State Management Strategy:
const stateService = ServiceFactory.createStateService(state, traceId);
await stateService.set('original.query', input.query);
await stateService.set('web.search.results', searchResponse);
Why state storage: The original.query is stored because later steps (like the final report) need to reference what the user asked for. The web.search.results are stored so the Response Coordinator (Step 4) can retrieve them when combining with financial data. State scoping by traceId means User A's AAPL search and User B's TSLA search maintain separate data stores.
Event Connection to Next Steps
Step 1: API Entry Point
│
│ emits "query.received"
▼
Step 2: Web Search Agent ◄─── YOU ARE HERE
│
│ emits "web.search.completed"
│ data: { query, resultCount, results }
▼
Step 4: Response Coordinator
subscribes to "web.search.completed"
(waits for both web search AND finance data)
The Web Search Agent runs in parallel with Finance Data Service (Step 3). Both subscribe to query.received but operate independently. The Response Coordinator (Step 4) subscribes to both web.search.completed and finance.data.completed, only proceeding when it has received both events, acting as a synchronisation point for the parallel data collection phase.
How the Search Works
The WebSearchService:
*// From services/utils/WebSearchService.ts*
public async search(query: string): Promise<SearchResponse> {
const response = await axios.post('<https://google.serper.dev/search>', {
q: query,
gl: 'us',
hl: 'en',
num: 10
}, {
headers: { 'X-API-KEY': this.apiKey }
});
return {
results: this.parseSerperResults(response.data),
success: true
};
}
Why Serper: It provides Google Search results via API without dealing with scraping or Google's official Search API complexity. The service parses organic results, "People Also Ask" sections, and knowledge graph data into a unified format that AI analysts can consume.
The step fetches ~10 search results containing latest Apple stock news, analyst opinions, and market commentary, providing rich context for AI analysis.

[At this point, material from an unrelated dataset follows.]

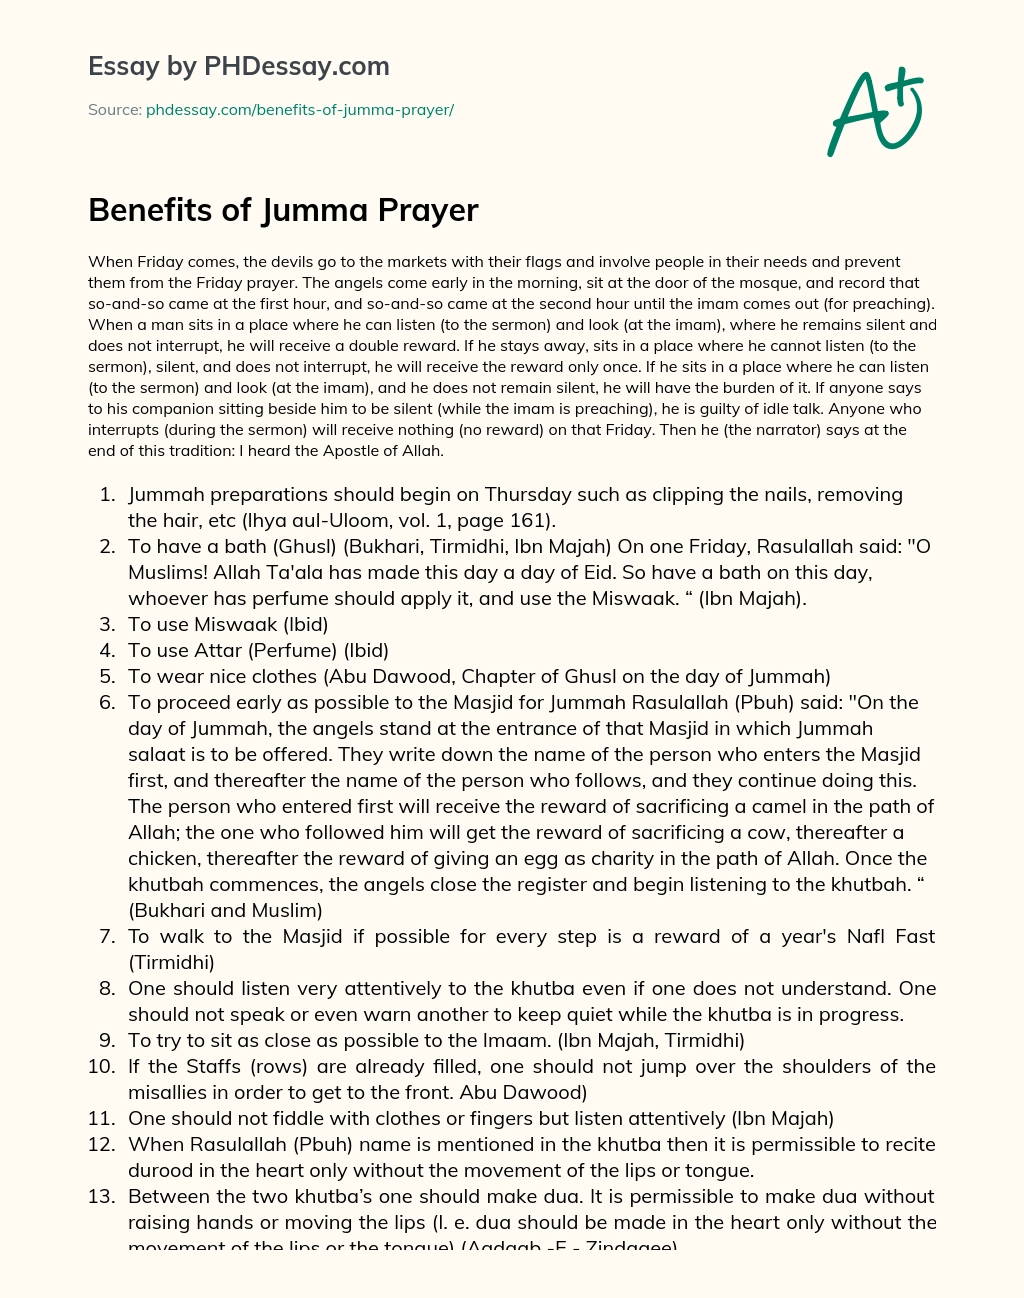 essay on importance of jummah

Step 3: Finance Data Service
What This Step Does
Extracts stock symbols from the query and fetches real-time financial data from Alpha Vantage and Yahoo Finance. Retrieves stock prices, market cap, P/E ratios, analyst ratings, company info, and recent news.
Key Code Sections
Step Configuration:
export const config: EventConfig = {
type: 'event',
name: 'finance-data',
subscribes: ['query.received'],
emits: ['finance.data.completed'],
input: z.object({
query: z.string().trim().min(1)
})
};
Symbol Extraction and Data Fetching:
export const handler: Handlers['finance-data'] = async (input, { emit, logger, state, traceId }) => {
const financeDataService = ServiceFactory.getFinanceDataService();
const stateService = ServiceFactory.createStateService(state, traceId);
*// Extract symbols like "AAPL", "TSLA" from query*
const symbols = await financeDataService.extractPotentialSymbols(input.query);
if (symbols.length === 0) {
await emit({
topic: 'finance.data.completed',
data: { query: input.query, symbols: [], resultCount: 0 }
});
return;
}
*// Fetch data for each symbol with fallback handling*
const results = await Promise.allSettled(
symbols.map(symbol => financeDataService.getFinancialData(symbol))
);
const financialData = results
.filter(result => result.status === 'fulfilled')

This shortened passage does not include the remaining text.